Demo Makassar: Ketika Kekesalan Berbalut Kreativitas
Aksi yang berlangsung Senin, 25 Agustus 2025 ini, merupakan bagian dari gelombang demonstrasi yang lagi marak di berbagai daerah. Ratusan orang dari berbagai kalangan turun ke jalan buat menyuarakan apa yang mereka rasakan. Mulai dari Gedung Kejaksaan Tinggi sampai Kantor DPRD Sulsel jadi sasaran orasi. Tapi, di tengah suasana yang serius, tiba-tiba muncul momen yang nggak terduga.
Polisi Sempat Kaget dengan “Senjata” Kardus
Ceritanya begini, beberapa demonstran terlihat membawa pistol dan parang. Wajar dong kalau polisi yang lagi bertugas langsung siaga.

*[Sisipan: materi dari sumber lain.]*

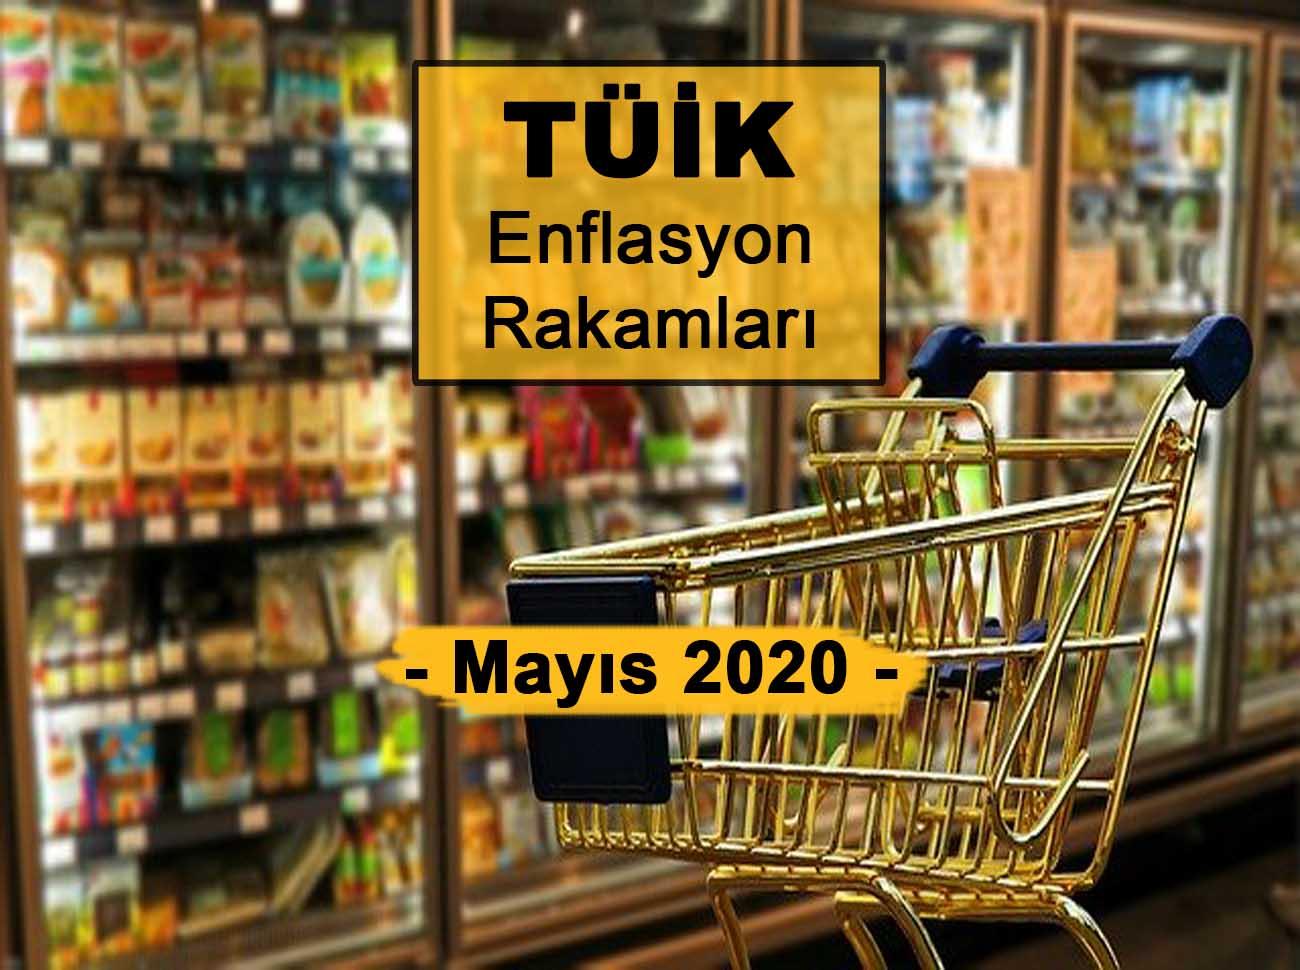 Enflasyon Rakamları (Mayıs 2020)

Petugas langsung mendekati dan mengamankan “senjata” tersebut. Tapi, pas diperiksa lebih lanjut, jeng…jeng… ternyata cuma mainan dari kardus! “Prank” ini langsung mencairkan suasana, meski nggak lantas bikin tuntutan jadi hilang.

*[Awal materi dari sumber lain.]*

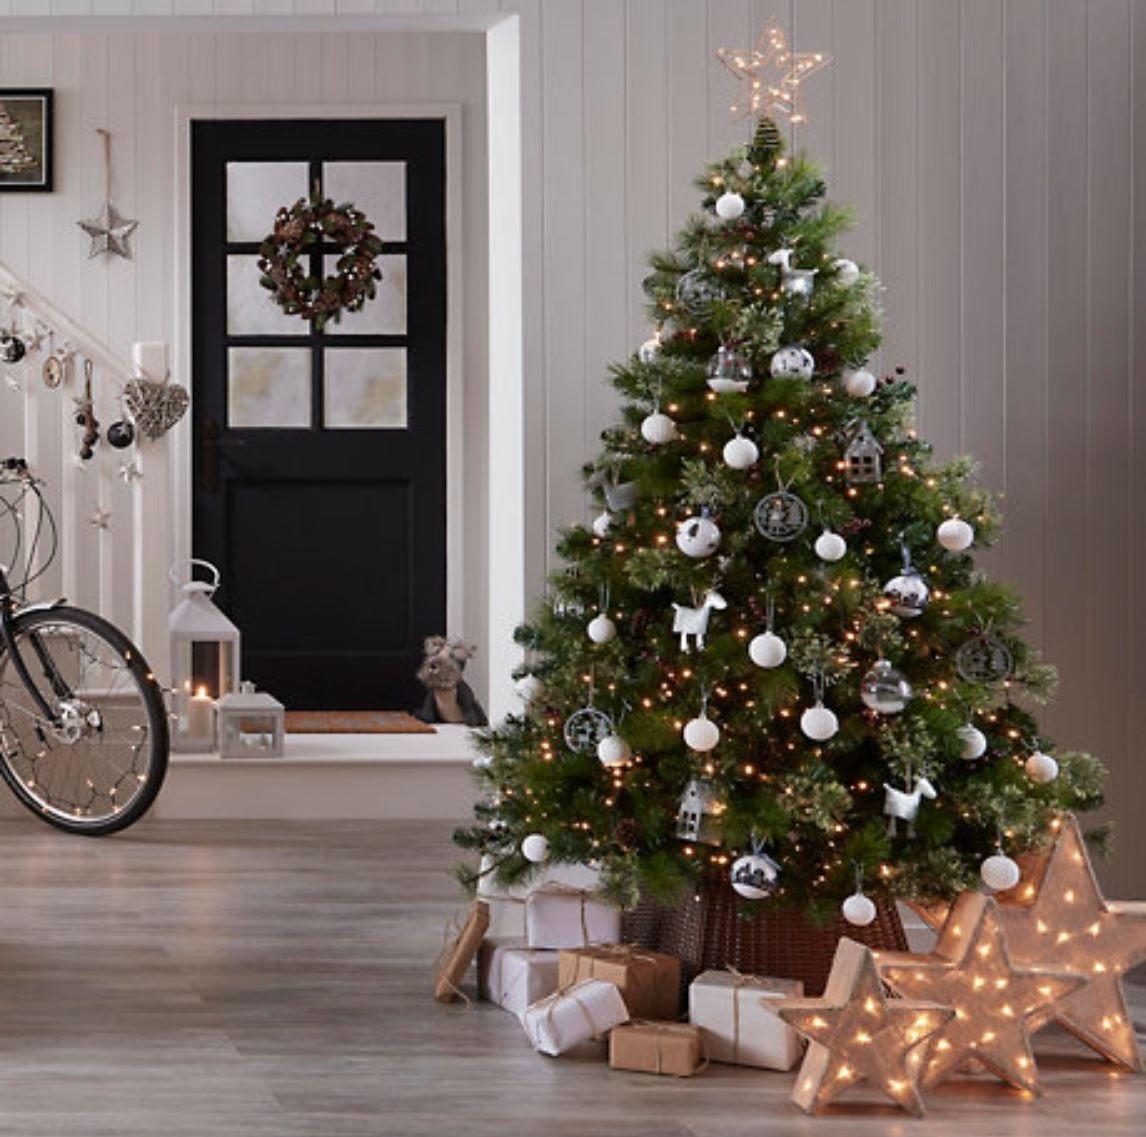 Pin By Niki Parkes On Christmas Trees Christmas Christmas Decorations Holiday Decor

“Awalnya kami memang sempat kaget, tapi setelah dicek ternyata cuma properti,” jelas Kompol Andi Rahman, Koordinator Pengamanan Aksi. “Kami apresiasi kreativitas teman-teman demonstran, tapi tetap imbau supaya aksi tetap tertib dan aman.”
Warganet Heboh, Apa Pesan di Balik “Prank”?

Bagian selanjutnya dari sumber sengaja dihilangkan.